For Ragamuffin House, this is a day of REMEMBERANCE. And we will be lighting our Shabbat Candles at Haynes Park in Rio Rancho, where the Albuquerque Tea Party will be putting on a Candlelight Vigil as a memorial to those who fell and those who helped. The Vigil is at 7:30 on 9/11.

Picture Credit: New York Post, 2007.

On Saturday, 9/12, we will be joining with Tea Party groups and 9/12ers across the state in Santa Fe, as we March on the Capitol.

This will be the fourth such Tea Party Rally that we have attended. In the picture to the right you see the Chem Geek Princess at the first Tea Party.

For this Rally, I am planning a new sign. It will have a picture of Barack Obama and say "L'Etat es Vous? NO! Where is the Fourth Estate?" On the back it will say, Where are Woodward and Bernstein when we need them?

It is time we called the press on their inaction. Why 30 years ago they would have been all over some of the scandles we have been treated to in Washington in the past few years.

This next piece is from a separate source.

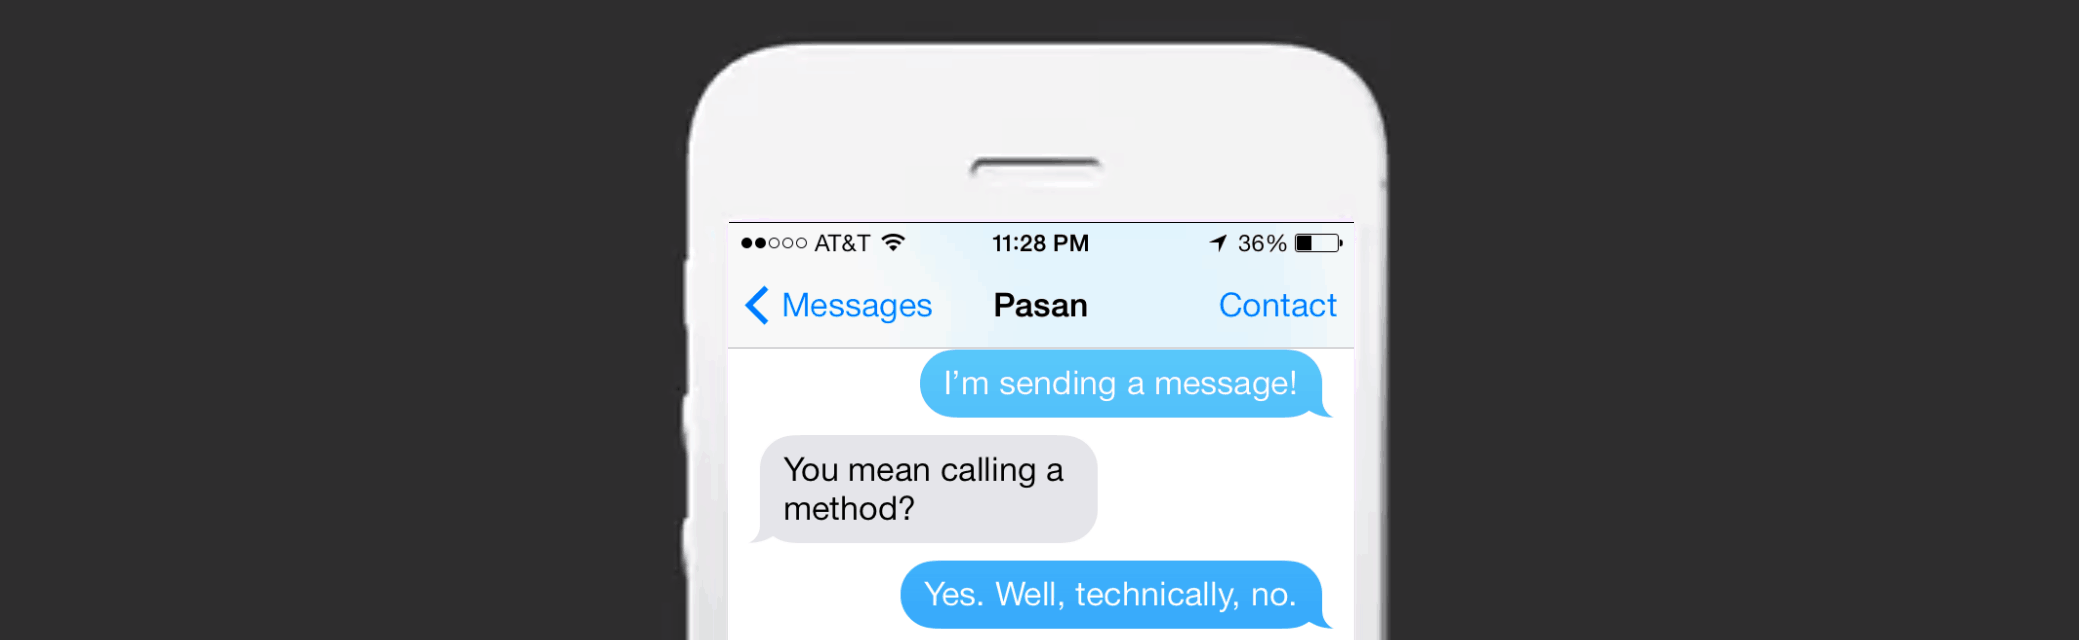 "I'm sending a message!" "You mean calling a method?" "Yes. Well, technically, no."

Americans, it is time to stand up!

Don't underestimate us, O ye who claim to represent us!





May the memories of the fallen on 9/11 spur us to action.
May G-d save the Republic of the United States.






Wednesday, September 9, 2009

Crimethink: The Collectivist War on Ideas



"To even consider any thought not in line with the principles of Ingsoc. Doubting any of the principles of Ingsoc. All crimes begin with a thought. So, if you control thought, you can control crime. "Thoughtcrime is death. Thoughtcrime does not entail death, Thoughtcrime is death. The essential crime that contains all others in itself."
-- Newspeak Dictionary: Definitions from Orwell's 1984



"Threat reports that focus on ideology instead of
criminal activity are threatening to civil liberties . . ."
-Michael German, ACLU Analyst, writing about the MIAC Report



I have been thinking quite a bit about politically correct language and the style of argumentation that is coming from the statists lately. In fact, I have been thinking about it since last fall, when I first ventured an unpopular opinion at that rumored bastion of free throught, the university. However, in the past several months, my thoughts have become focused on two issues, the redefinition of certain ideas as extremist and therefore outside ordinary discourse, and the inability of collectivists to construct or recognize an argument from principle. I think these two issues are likely related.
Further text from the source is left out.